Маленький Цара хорошо запомнил этот «первый раз». Встреча состоялась в монастыре, там, в подземном приделе храма, где г-н Элизе показался ему таким страшным. И в робком и кротком взгляде, каким ребенок смотрел на своего учителя, все еще мелькал отсвет этого суеверного страха... Но королева – королева была убеждена, что она видела Элизе до того сочельника.
– Я начинаю думать, что это было еще в нашей доземной жизни, – почти серьезно заметила она.
Меро засмеялся:
– Да, вы правы, ваше величество, вы могли меня видеть, но только не в ином мире, а здесь, в Париже, в день вашего приезда. Я взобрался на цоколь тюильрийской решетки как раз напротив гостиницы «Пирамиды»...
– И вы крикнули: «Да здравствует король!..» Теперь я все вспомнила... Значит, это были вы? Как я рада! Вы первый приветствовали нас... Если б вы знали, как меня окрылило ваше приветствие!..
– И меня самого тоже!.. – подхватил Меро. – Так давно не представлялся мне случай торжествующе воскликнуть: «Да здравствует король!..» Так долго мои губы беззвучно выпевали это восклицание!.. Ведь я всосал его с молоком матери, оно окрашивало мои детские и юношеские радости, с ним связаны все волнения и упования моей семьи. Это восклицание вызывает в моей памяти южный выговор, жест и голос моего отца, при этом восклицании мои глаза увлажняет то же умиление, которое я столько раз замечал у него... Бедняга! Все это было у него в крови; в этих нескольких словах заключался для него целый символ веры... Когда он, проездом из Фросдорфа, был в Париже, он случайно оказался на Карусельной площади перед самым выходом Луи-Филиппа. Короля ожидал, прихлынув к решетке, народ, равнодушный, даже враждебный – одним словом, народ эпохи конца его царствования. Мой отец, узнав, что скоро должен появиться король, раздвинул, растолкал толпу и стал впереди, чтобы лучше было видно, чтобы смерить с головы до ног и облить презрением этого разбойника, этого негодяя Луи-Филиппа, незаконно завладевшего престолом... Наконец появляется король и идет по безлюдному двору среди гробового, тяжкого, придавившего Тюильрийский дворец молчания, в котором чуткое ухо может уже расслышать, как мятеж заряжает ружья и как трещат ножки трона... Луи-Филипп, по виду – мирный обыватель, уже старый, с колыхающимся животиком, держа в руке зонт, семенит по направлению к ограде. Ничего царственного, ничего властного в нем нет. Но мой отец смотрит на него уже иными глазами: по обширному двору, вымощенному воспоминаниями о славном прошлом, ибо в глубине его стоит дворец французских королей, идет монарх, идет сквозь зловещую тишину, которая для государей всегда является показателем народной ненависти, и душа моего отца этого не вынесла, возмутилась; забыв про свои обиды, он быстро, инстинктивно обнажил голову и крикнул, вернее, взрыдал: «Да здравствует король!» – так громко, так убежденно, что старик вздрогнул и поблагодарил его долгим взволнованным взглядом.

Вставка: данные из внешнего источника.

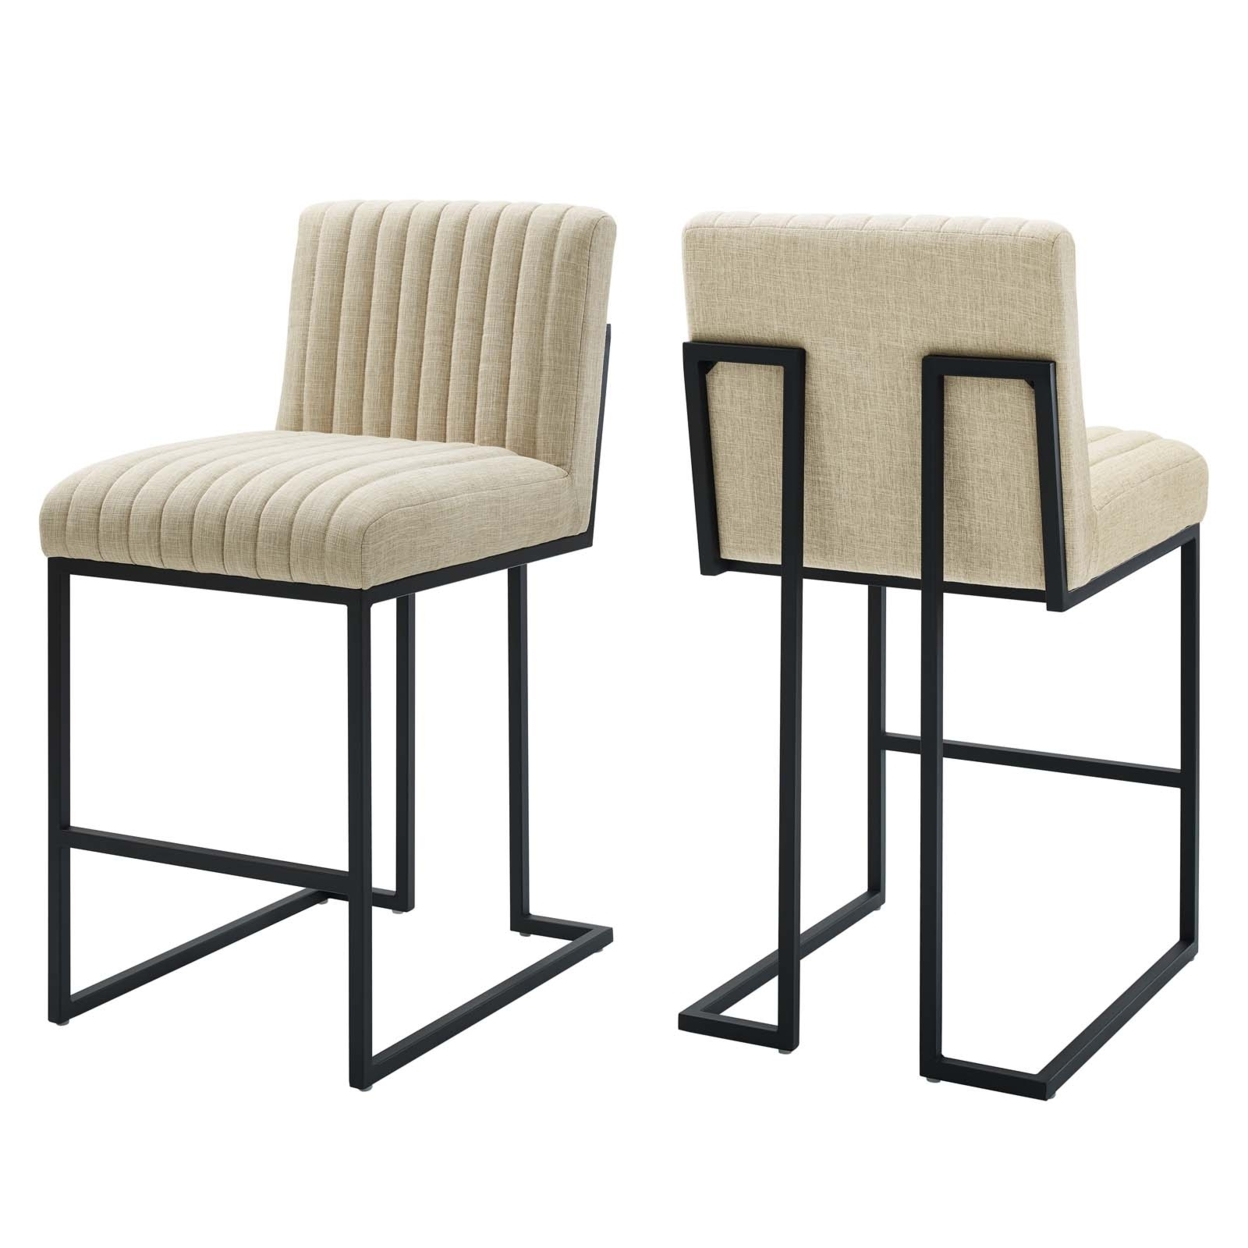 Indulge Channel Tufted Fabric Counter Stools - Set Of 2, Beige

– Я должна была бы поблагодарить вас точно так же... – молвила Фредерика, и взор ее, устремленный на Меро, выражал такую нежную признательность, что бедный малый почувствовал, как с его лица сбегает краска.
Все еще под впечатлением его рассказа, она после короткого молчания обратилась к нему с вопросом:
– Но ведь ваш отец не был дворянином?
– О нет, государыня!.. Это был самый что ни на есть скромный простолюдин... обыкновенный ткач...
– Странно... – задумчиво проговорила Фредерика.
Он возразил, и тут их вечный спор возобновился. Королева не любила народ, не понимала его, испытывала к нему что-то вроде физического отвращения. Она находила, что народ груб, что он одинаково страшен и тогда, когда веселится, и тогда, когда мстит. Она боялась его даже во время коронационных торжеств, в медовый месяц своего царствования, – боялась этого леса рук, тянувшихся к ней с приветствием: ей казалось, что она попала к ним в плен. Отчужденность в отношениях королевы с народом так и не прошла. Милости, благодеяния, подачки, которыми она осыпала народ, были подобно посевам, не дающим всходов, с той разницей, что каменистая почва и плохой сорт семян тут уже были ни при чем.
Среди других сказок, коими г-жа Сильвис затуманивала мозг малолетнего принца, она рассказывала ему историю юной сирийки, вышедшей замуж за льва: сирийка ужасно боялась своего дикого супруга, боялась его рычания, боялась той порывистости, с какой он встряхивал гривой. А между тем бедный лев был к ней очень внимателен, окружал ее нежной заботой, приносил своей маленькой женушке редкостную дичь, сотовый мед, оберегал ее сон: повелевал морю, лесам и зверям не шуметь, когда она спит. Все было напрасно! Она по-прежнему испытывала к нему отвращение, обидный для него страх, и это продолжалось долго, но в конце концов лев рассердился и, разинув пасть – а грива у него от злости встала дыбом, – так грозно прорычал ей: «Убирайся вон!», как будто собирался не отпустить ее на все четыре стороны, а разорвать в клочки. Так вот, между этой историей и историей взаимоотношений Фредерики и ее народа было нечто общее, и Элизе, поселившись у нее в доме, тщетно пытался внушить ей, как много скрытой доброты, как много рыцарской преданности, как много суровой щепетильности в этом огромном льве, который столько раз рычит шутя, прежде чем разозлится как следует! Ах, если бы государи захотели... если бы они не были так подозрительны...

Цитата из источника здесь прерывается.